Рассмеявшись, она беззаботно отмахнулась:

— А, да все равно, какая есть! Люблю вот и люблю… и очень, о-оч-чень хочу, чтобы Артем любил меня больше всех на свете!.. Ну? Чего ты так на меня воззрилась? Ну, гляди, какая я обык-но-венная. Я, видишь, не умею крутить, воображать там что-то такое, как ты это любишь!

— Я ничего не воображаю.

— А с чего тогда сидишь, как булавку проглотила?

— Так… — апатично бросила Таня.

— Та-ак! — передразнила Вера, сделав вдруг кислую гримасу. — Терпеть не могу эту твою манеру… Ты и в школе бывала такая, когда задумаешься.

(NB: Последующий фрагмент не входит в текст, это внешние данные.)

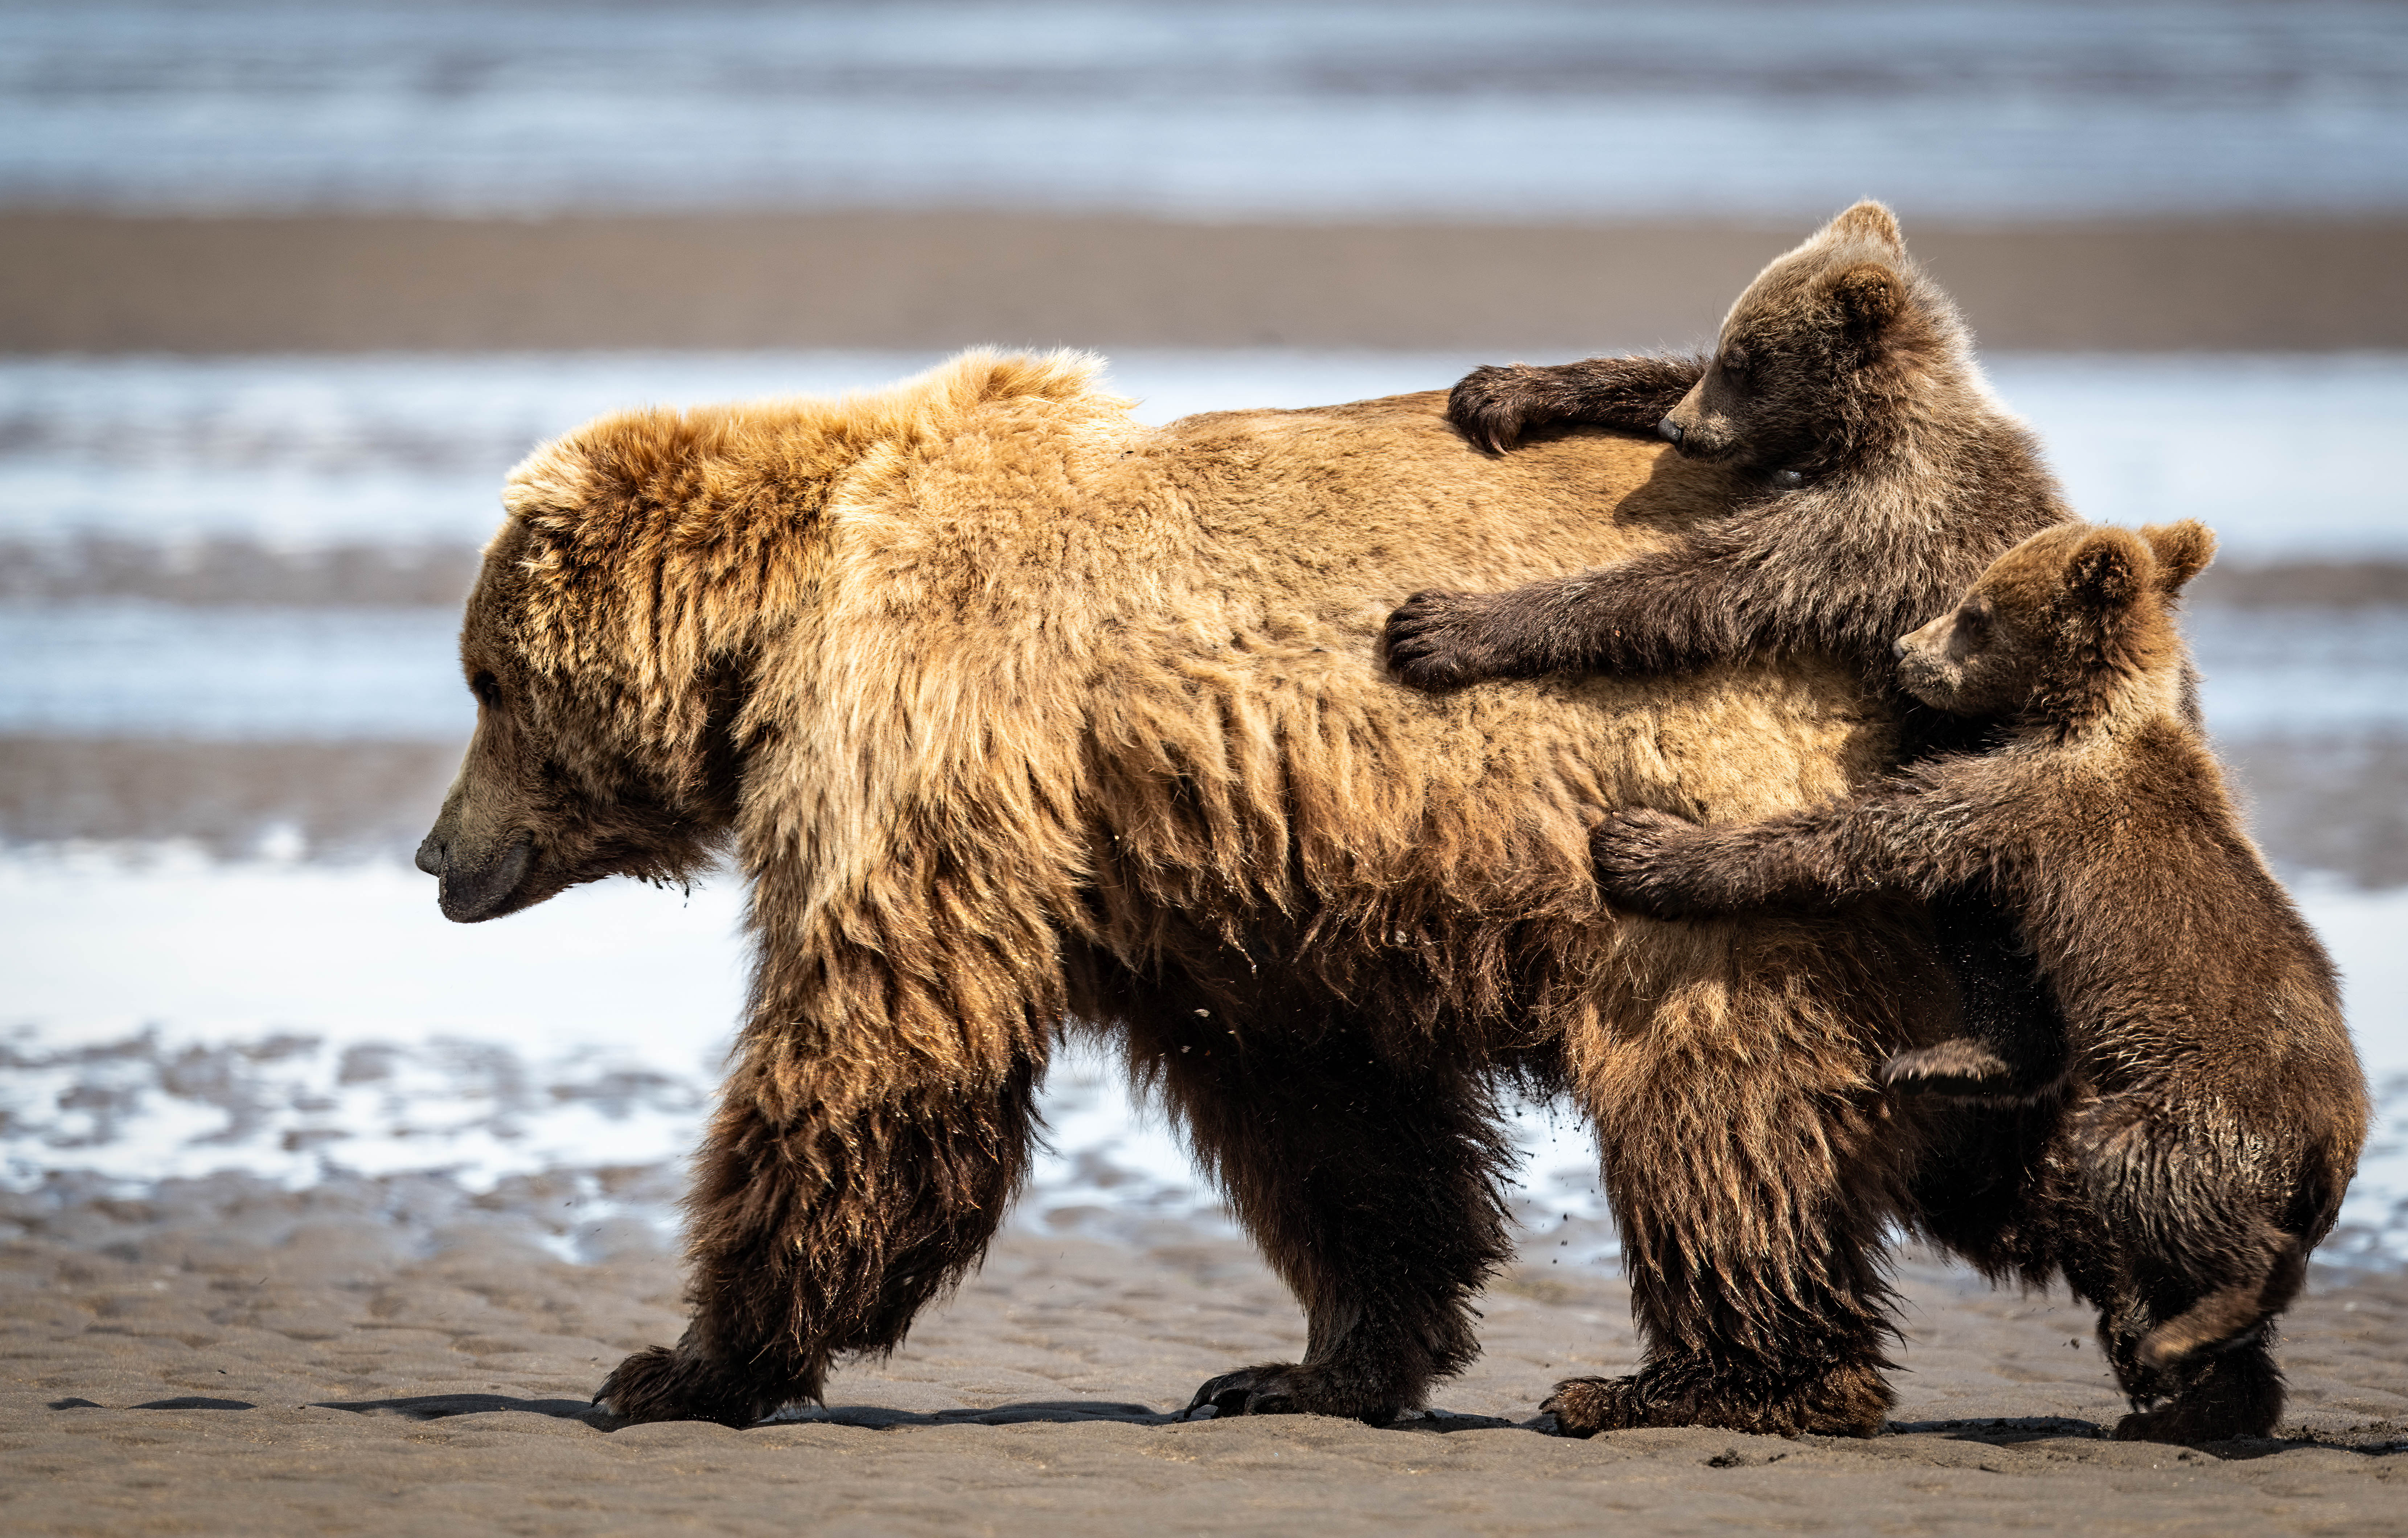 Uma ursa vai embora enquanto seus filhotes se agarram atrás dela.

Верочка вдруг прыгнула на диван, потерлась завитой головкой о Танино плечо:

— Слушай, Танюша… а я знаю, о чем ты сейчас думаешь! О Сергее Панкове!.. Ага-а, вот и покраснела!

— Н-ничего подобного!..

— Ничего, миленькая, меня не проведешь! Мне Зина Невьянцева уже все разболтала.

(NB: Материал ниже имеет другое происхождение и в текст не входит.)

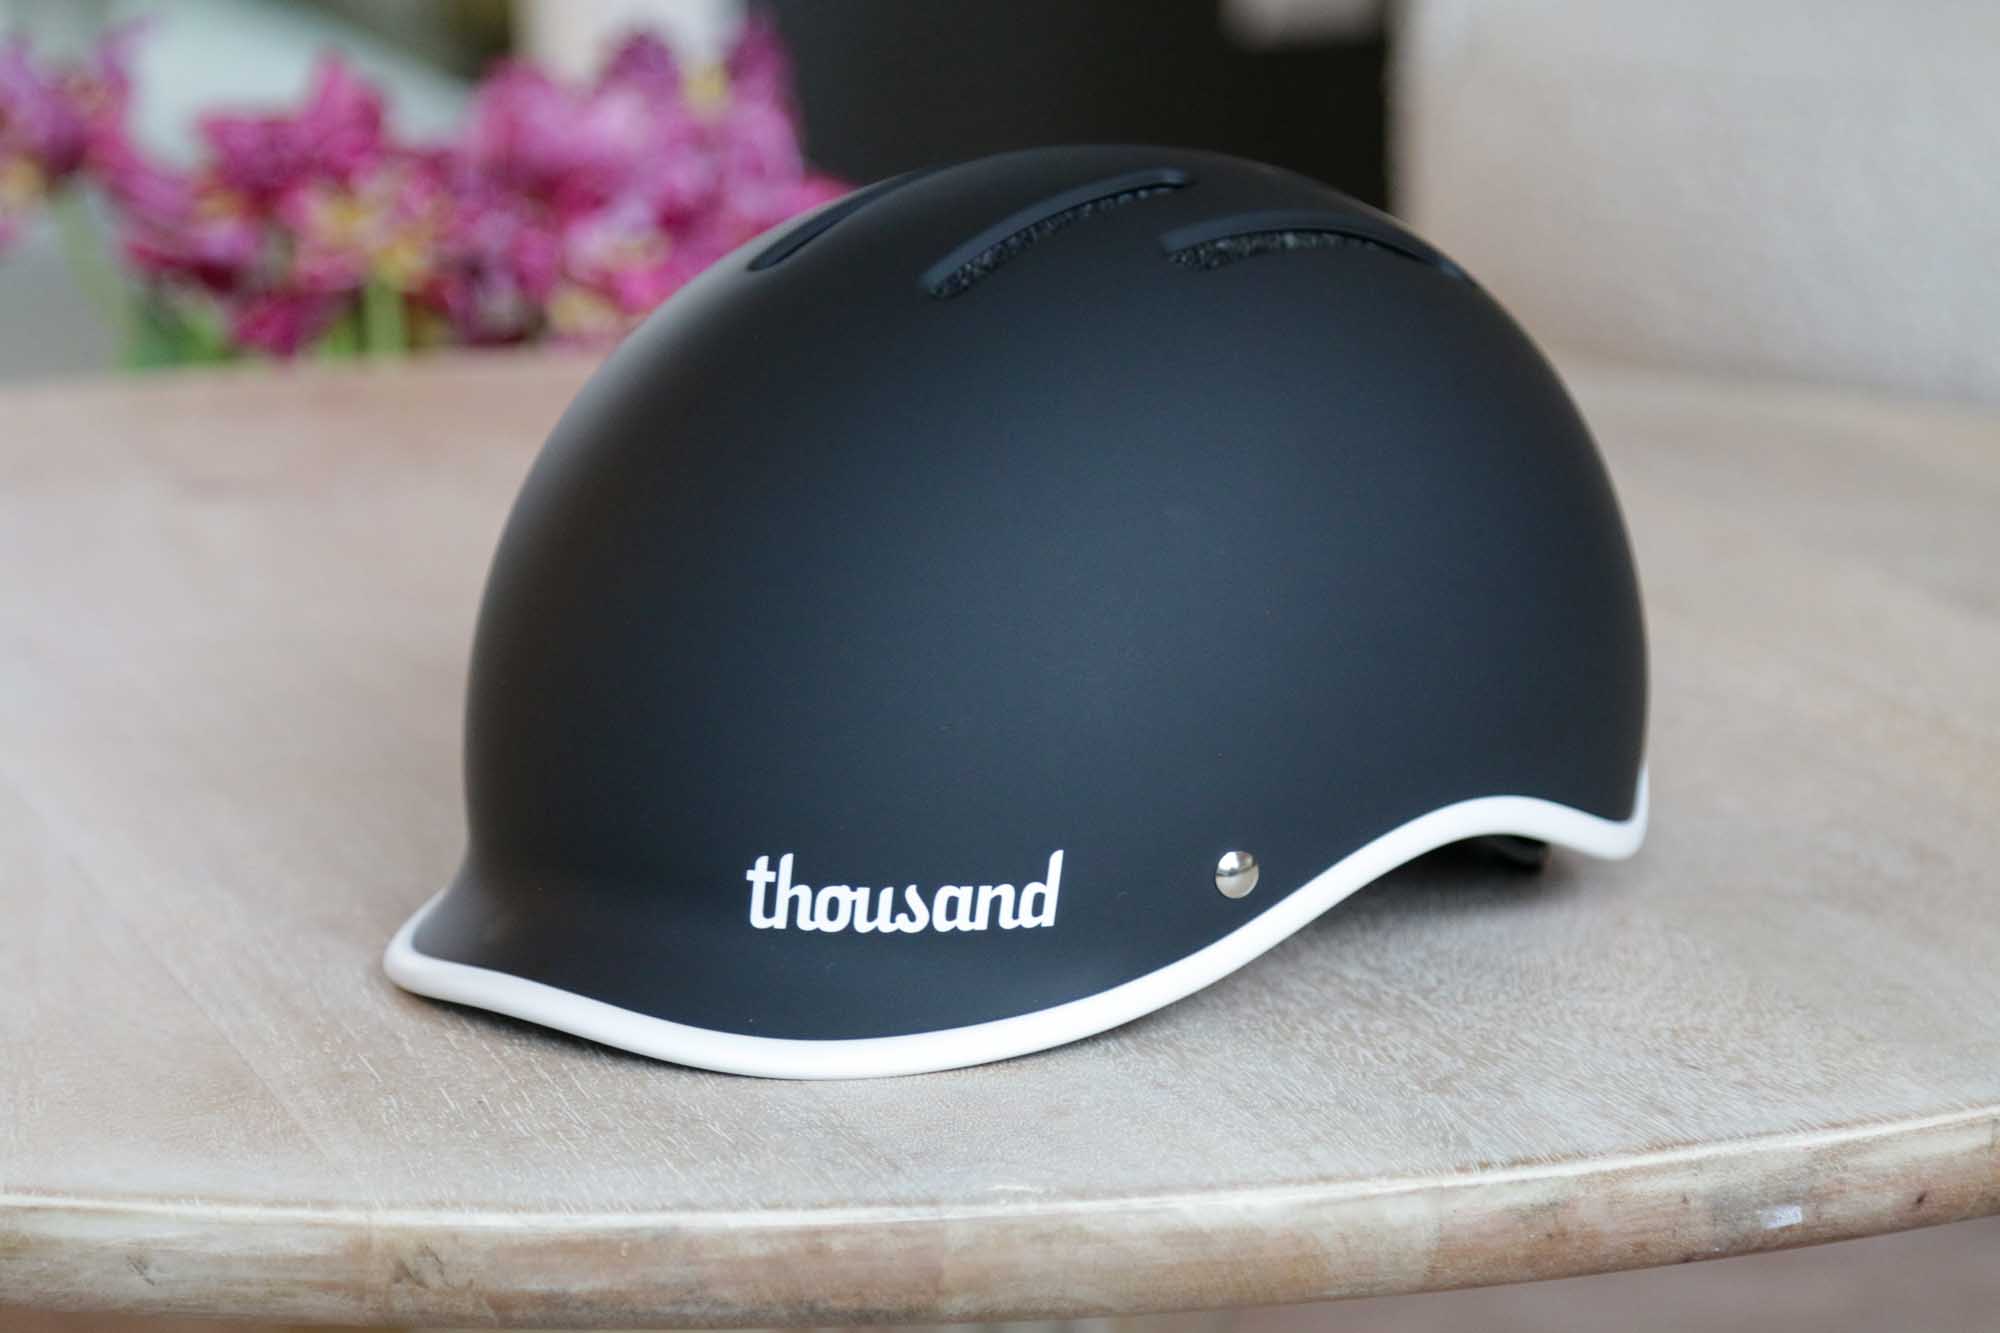 Thousand Heritage 2.0 helmet

— Да что ж она могла тебе такого рассказать?

— Что вчера было! «Вижу, говорит, выходит из автобуса Таня Лосева и этак осторо-ожненько поддерживает Сергея Панкова». Что, было ведь это?

— Ну, было. Что тут особенного? Он ранен в руку и плечо.

— Понимаем, все понимаем: сердце ваше, Татьяна Ивановна, смилосердилось. Да, да. Мы кое-что понимаем. Всем известно, как еще в школе Сергей прямо-таки умирал по тебе, а ты на него ноль внимания. А теперь…

— Я всегда к нему относилась как к хорошему товарищу.

— Ах вот как! Ну, так я тебя сейчас совсем убью. Помнишь, в прошлом году, когда Сергей уезжал в школу танкистов и зашел к вам…

— Да-а, кажется, заходил…

— «Заходил»! Да он тебя сколько ждал, сидел у вас до того, что чуть на автобус не опоздал, а тебя все дома не было… Наталья Андреевна тогда даже рассердилась на тебя, помнишь?

— Что-то было… вспоминаю.

— Ух, характерцы ваши, лосевские характерцы — все с заковыкой, как мой папа говорит.

— Что ж, значит, я в свою породу пошла.

— Характерцы — не дай бог на узкой тропке встретиться! Я тогда тебе еще сказала: «Слушай, Таня, если бы в меня кто так влюбился, даже если бы урод, я бы и то обратила внимание на него: такая сильная любовь не каждый день встречается!» А ты мне ответила: «Бросим об этом говорить! Сергей ужасно неинтересный, серый какой-то, неуклюжий!» Не мотай, не мотай головой… А у него, «неинтересного»-то, — Зинка Невьянцева сразу заметила, — орден Ленина и Красного Знамени. Вот тебе и неуклюжий, вот тебе и серый! Нет, на фронте-то он, должно, совсем не таким оказался.

— Довольно! Хватит! — вдруг вспыхнула Таня.

Она вскочила с дивана, прошлась по своей маленькой комнатке и приостановилась перед зеркалом. Синие глаза ее сердито и печально темнели, щеки разгорелись. Она туже зашпилила небольшой узел русых волос, попудрилась и наконец обернулась к Вере.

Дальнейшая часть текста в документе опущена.